Зато Че оставался молодым.
Он не успел дожить до смехотворного финала, он не успел наскучить себе, другим, – его лицо по-прежнему было озарено лукавой немного мальчишеской улыбкой.
И, если вдуматься, он пережил великого оратора, хотя тот по сей день относительно жив и продолжает великое дело Революции.
Говорят, вместо Ленина у нас теперь Богородица будет.
Ну, и все как положено, – фонтан со львами, герб, щит и все такое.
Я лично против Богородицы ничего не имею, – пускай себе, – народу, как ни крути, а Богородица все-таки необходима, даже, честно сказать, не знаю, как до этого жили.
А вот так и жили.
Бродили вдоль бульвара, спускались в переход, – как ни в чем не бывало, – я, помню, не раз и не два, а, сами, понимаете, гораздо чаще, мимо товарища Ленина в обнимку брела.
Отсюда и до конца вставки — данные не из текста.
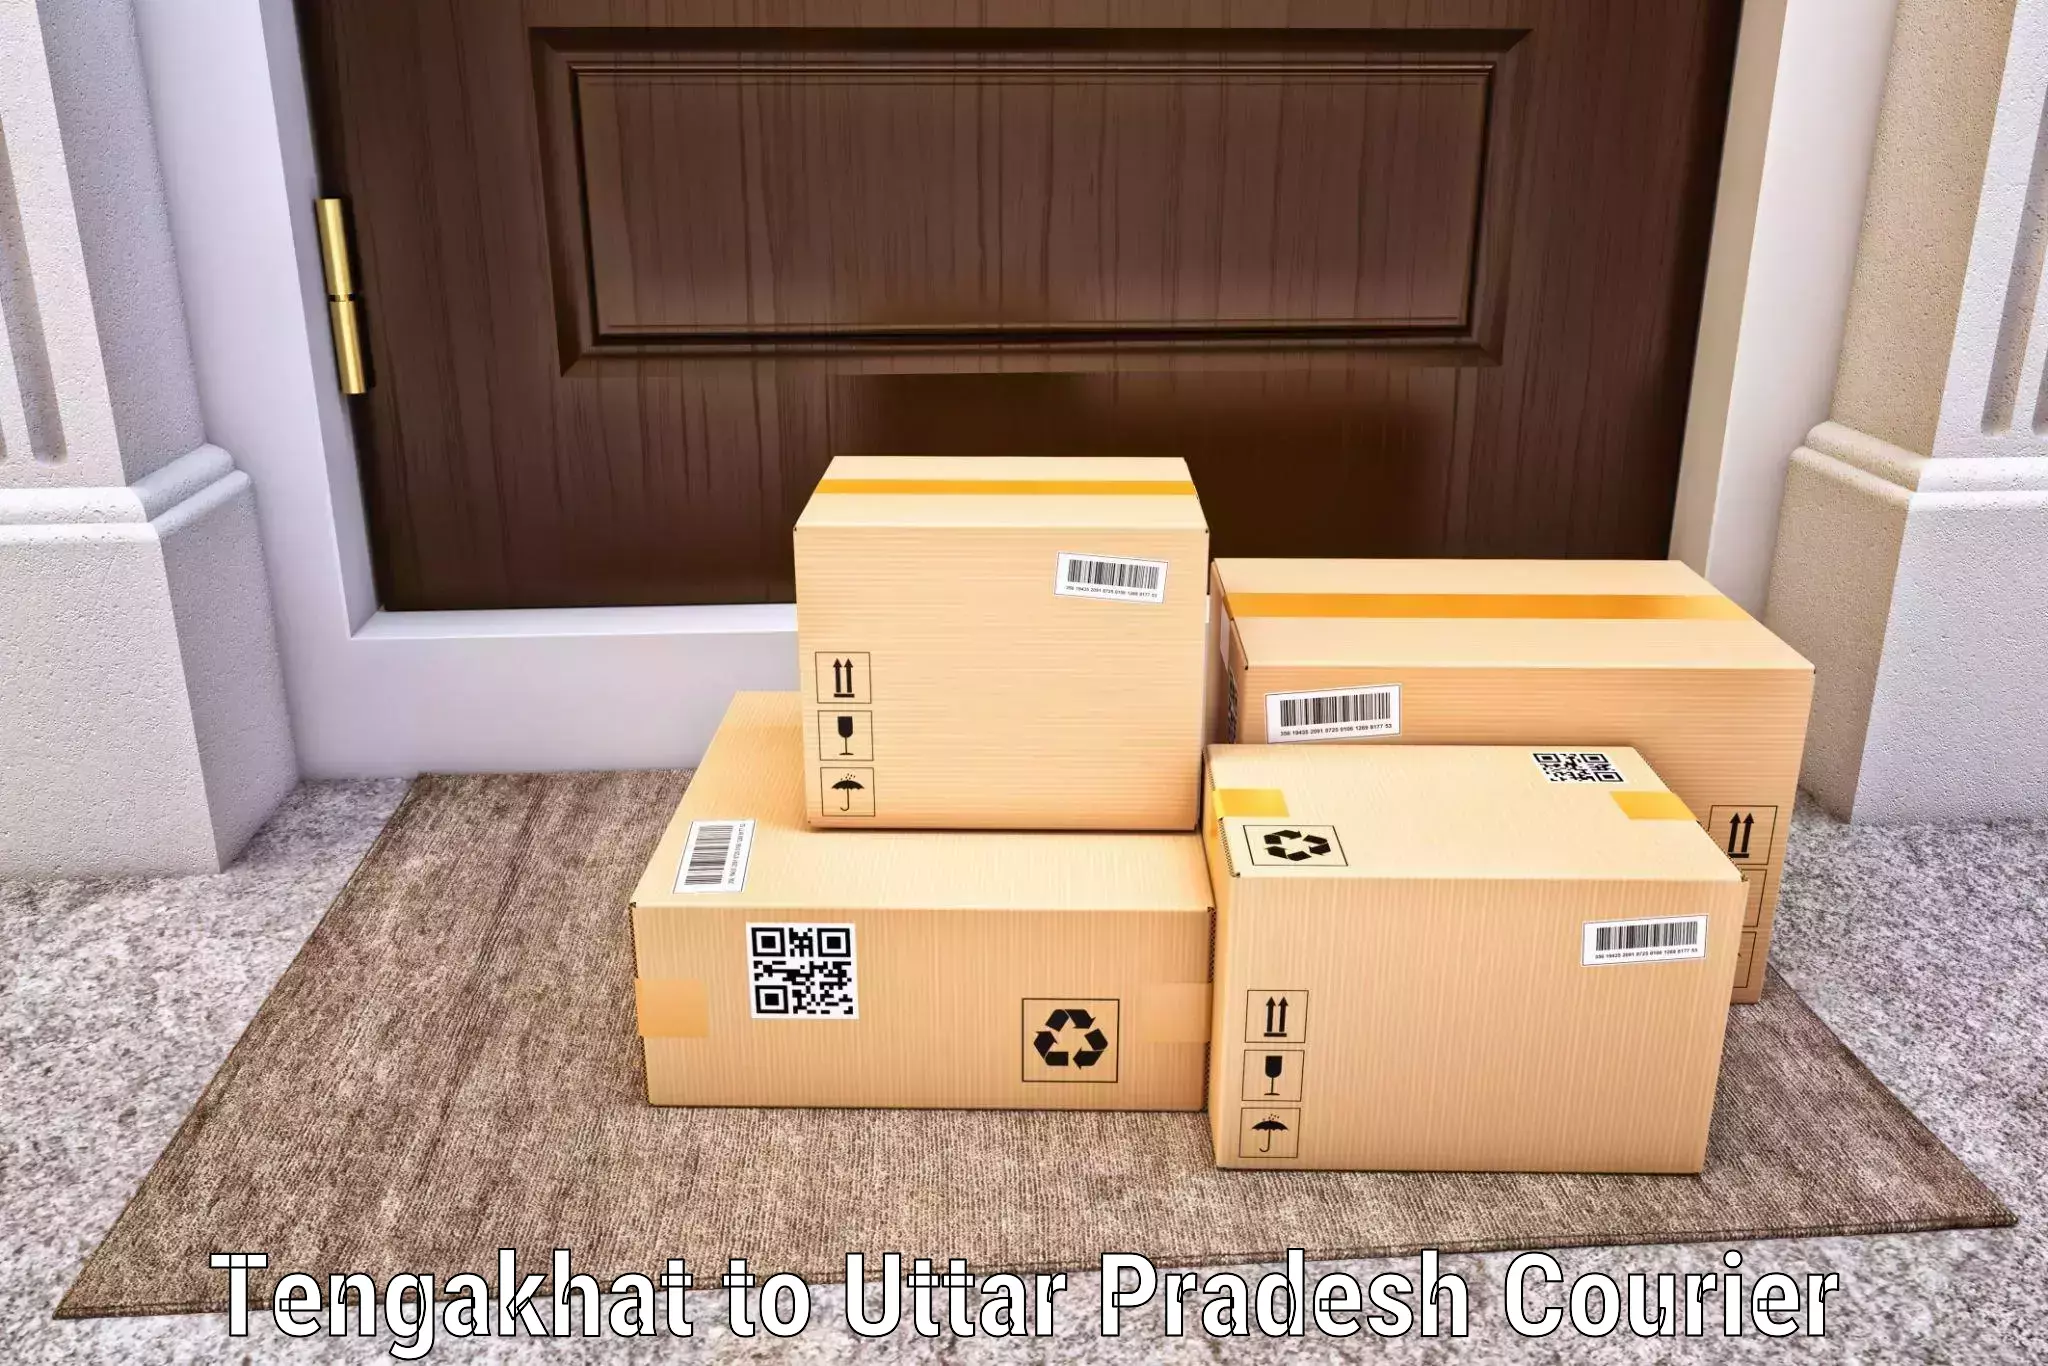 Affordable parcel service Tengakhat to Prayagraj

Туда и обратно. И опять туда.
Под всевидящим оком вождя вершились все главные события моей жизни.
Я, конечно, умом понимала, что где-то существует иная реальность, и другие города с другими бульварами, проспектами и улицами.
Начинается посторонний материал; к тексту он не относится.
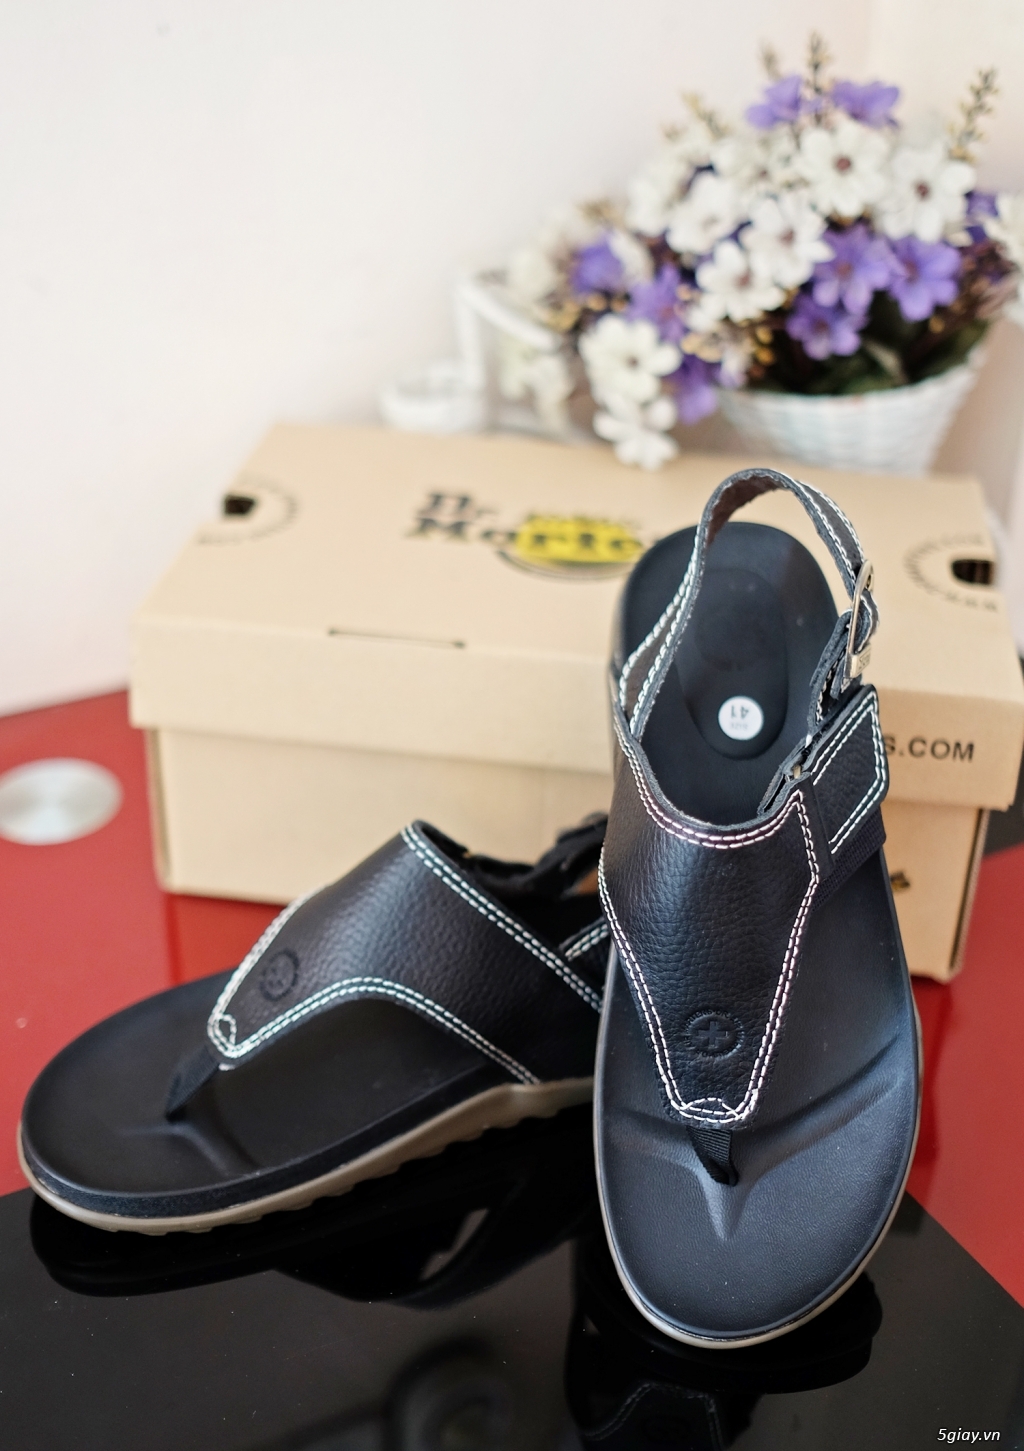 Legend Shoes: Các mẫu Giày , Dép ,Sandal hot nhất vịnh bắc bộ hè 2016. - 27

И вожди там другие, и переходы.
Но это умом.
А всем остальным – я просто жила в этом городе, как данность принимая помпезность, безвкусицу, времена года и жизни, – хотя какие это были времена?
Их принято считать лучшими, эти бестолковые, пока еще безразмерные, ужасные и прекрасные годы, когда гулялось, хотелось, и, как говорится, моглось, и даже мудрый человечище на постаменте не мог помешать этой безумной, сокрушительной жажде…
Мне лично В. И. Л. не особо мешал, – я вряд ли удостаивала его своим вниманием, у меня была насыщенная и яркая жизнь, цвели (отцветали) каштаны, на мне красовались еще не разношенные, и оттого восхитительно тесные джинсы, в которых и вздохнуть было сложно, но я умудрялась не только вдыхать, но и выдыхать, краем глаза успевая отметить воздействие своей неземной красоты на случайных прохожих.
Какой там Ленин, – даже архангел Гавриил не смог бы отвлечь меня от глубинных переживаний, а переживать я была мастак!
Сейчас принято утверждать, что мы были несвободными, забитыми, и практически пропащими, – так вот нет!
Мы были свободными, мы жили в своих параллельных мирах, в которых просто не находилось места ни статуям, ни щитам, ни гербам, мы умудрялись жить насыщенно, бурно, – так живут разве что в первый и последний раз.
Я не тоскую о свергнутой статуе, ничуть. Я по-прежнему иду вдоль бульвара, спускаюсь в переход, поднимаюсь наверх.
Я по-прежнему ее не замечаю, я, как и прежде, прохожу мимо, погруженная… бог ты мой, да мало ли во что?
Мало ли о чем может думать человек, идущий по улице не в самое лучшее время года и города, – возможно, о грядущей весне?
Парижа больше нет, мама. Нет, и все тут.
Все вроде бы на месте, – Нотр-Дам, Монпарнас с Монмартром, и Елисейские, и Булонский лес, и прононс, и витрины, в них отражаются живые, ироничные лица настоящих живых парижан, – пока еще живых, мама.
Пока.
Я узнаю их по твоим рассказам, – по сказанному и невысказанному, – по твоим мечтам о нескончаемом путешествии, имя которому – Париж.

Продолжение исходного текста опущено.